**THE DATA:**
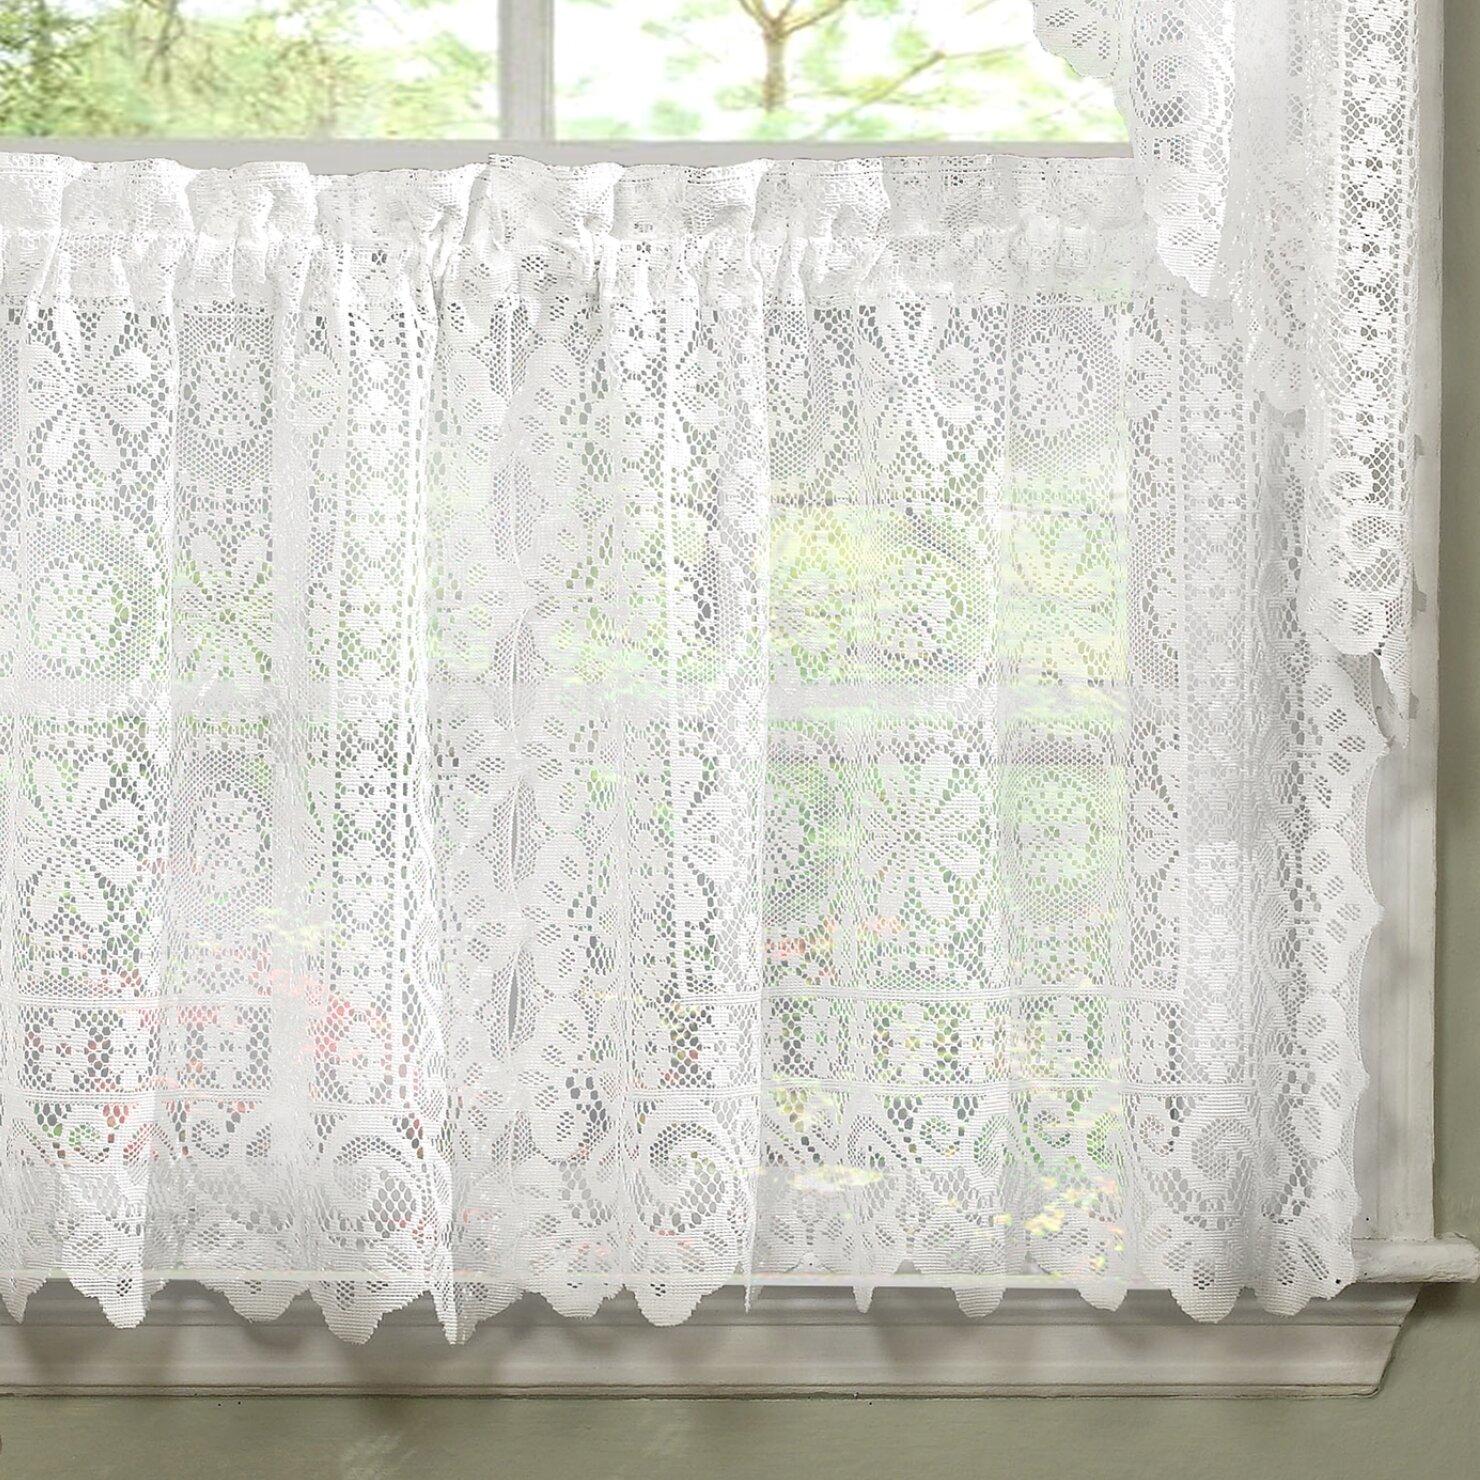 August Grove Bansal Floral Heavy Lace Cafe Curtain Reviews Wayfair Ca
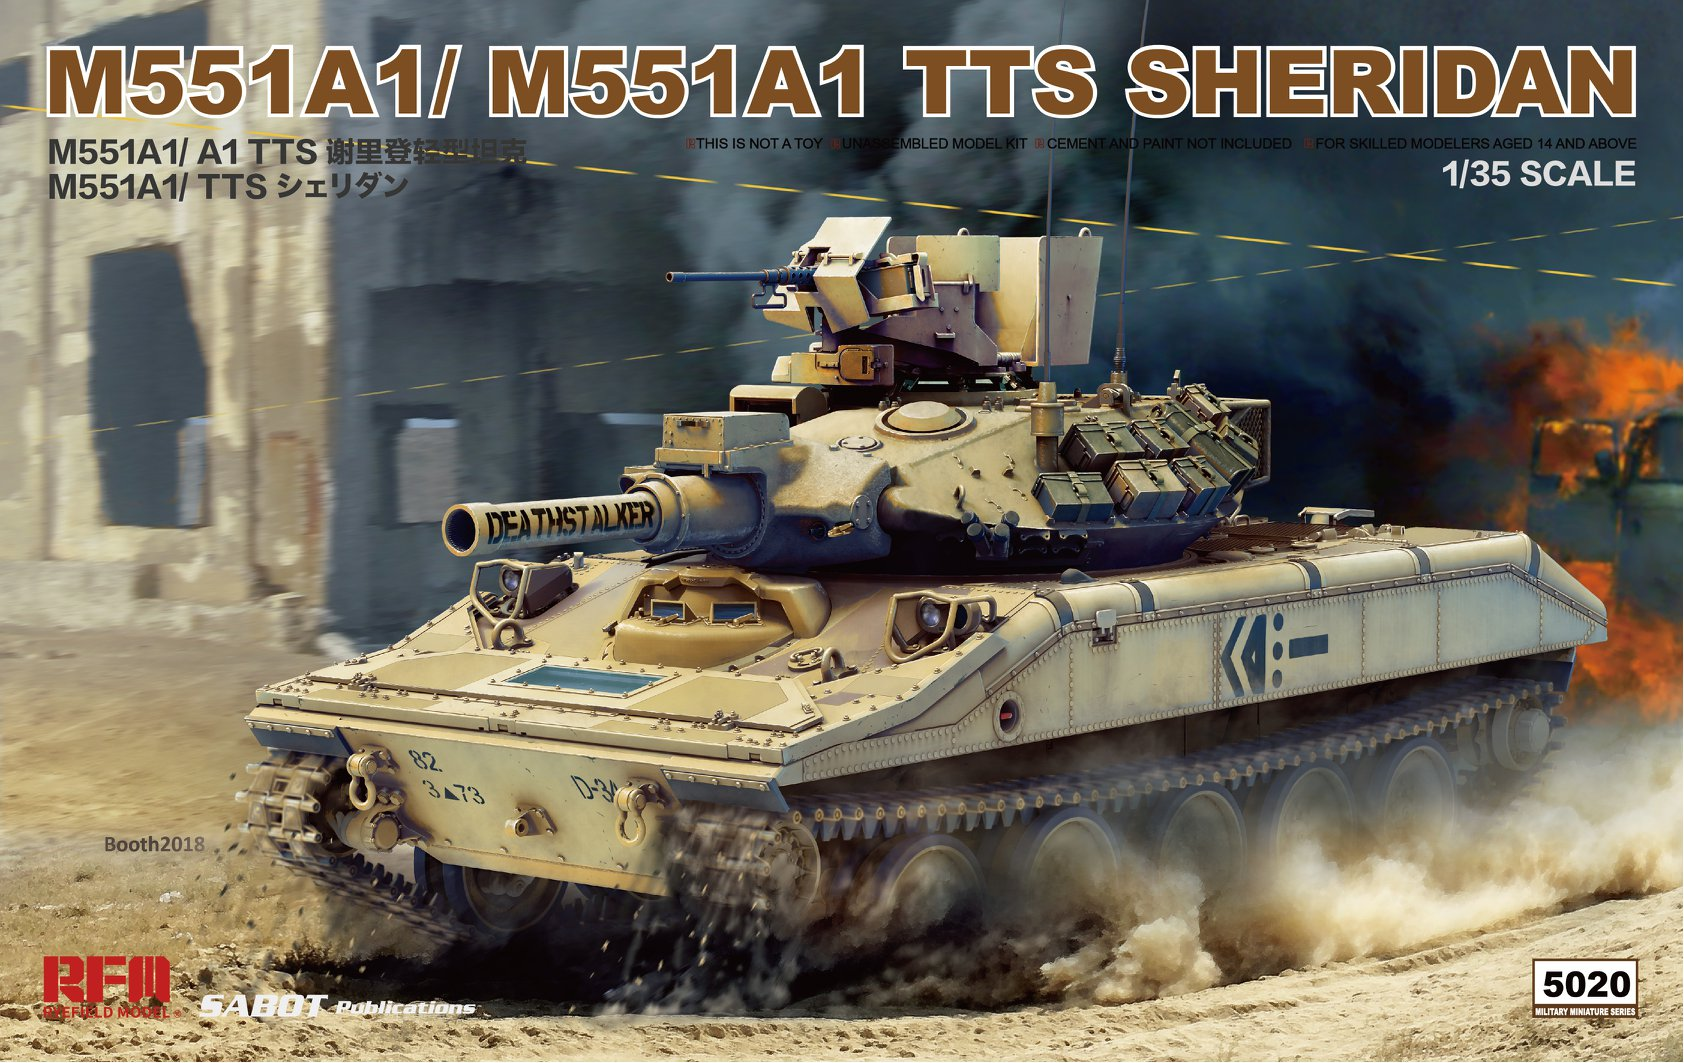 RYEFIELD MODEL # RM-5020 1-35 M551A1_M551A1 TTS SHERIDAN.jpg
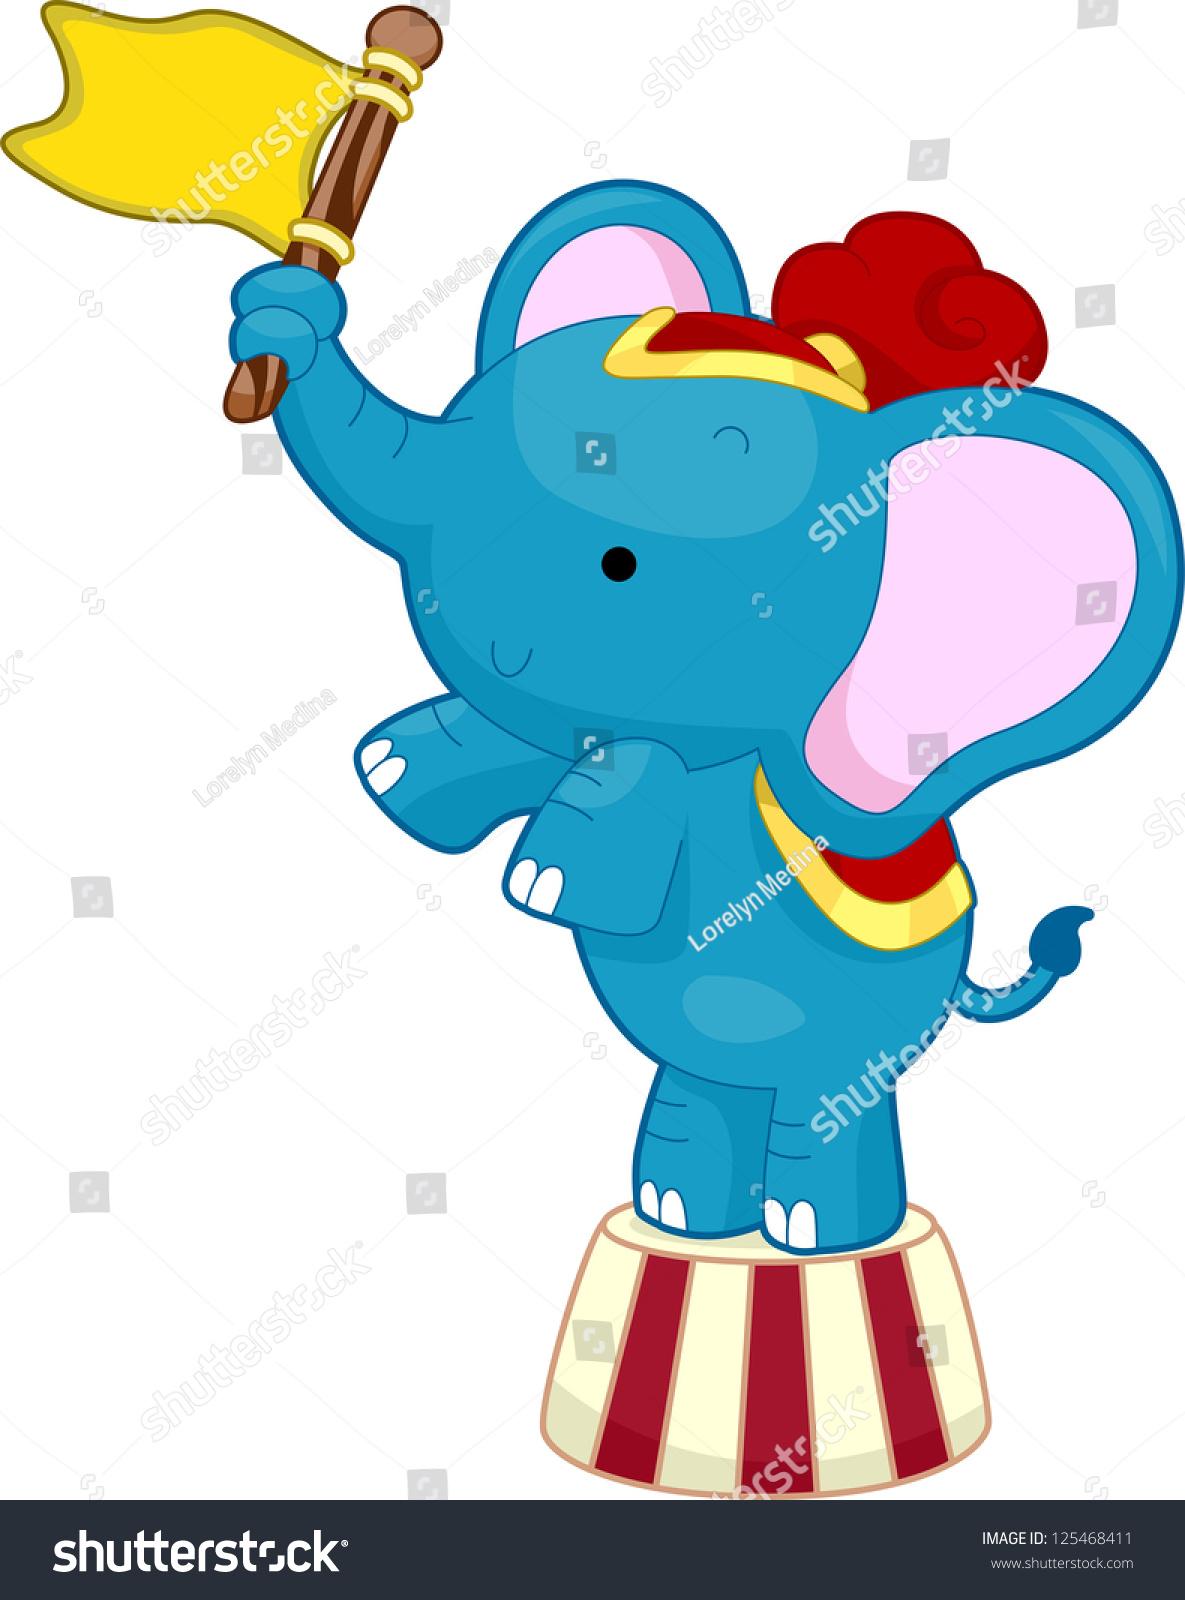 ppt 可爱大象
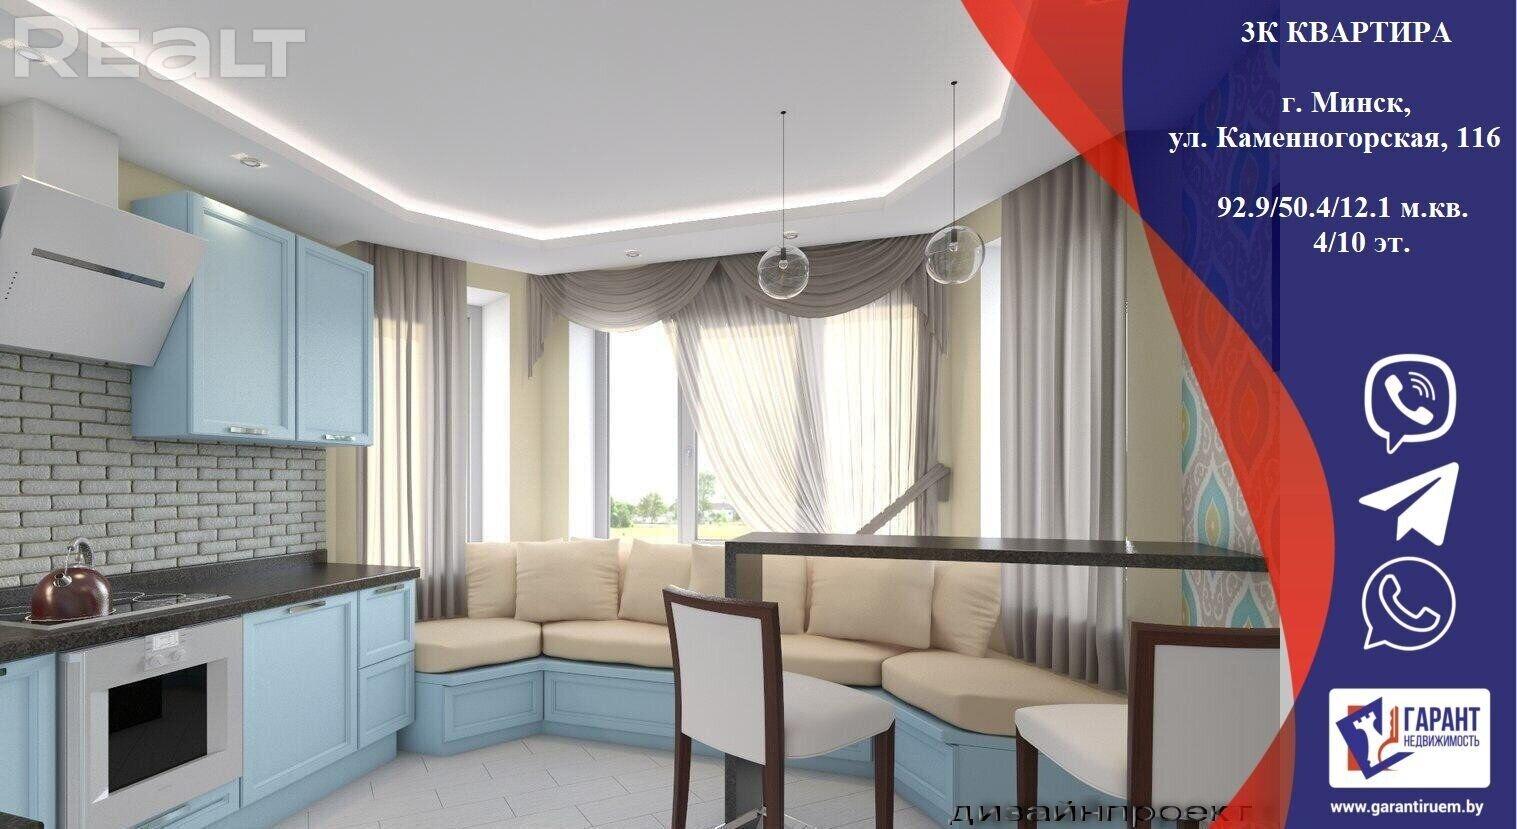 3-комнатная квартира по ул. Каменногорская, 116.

**ACTIVITY:** Copy the whole of the material above exactly, and exclude every picture.

**ANSWER BOX:**
 August Grove Bansal Floral Heavy Lace Cafe Curtain Reviews Wayfair Ca
 RYEFIELD MODEL # RM-5020 1-35 M551A1_M551A1 TTS SHERIDAN.jpg
 ppt 可爱大象
 3-комнатная квартира по ул. Каменногорская, 116.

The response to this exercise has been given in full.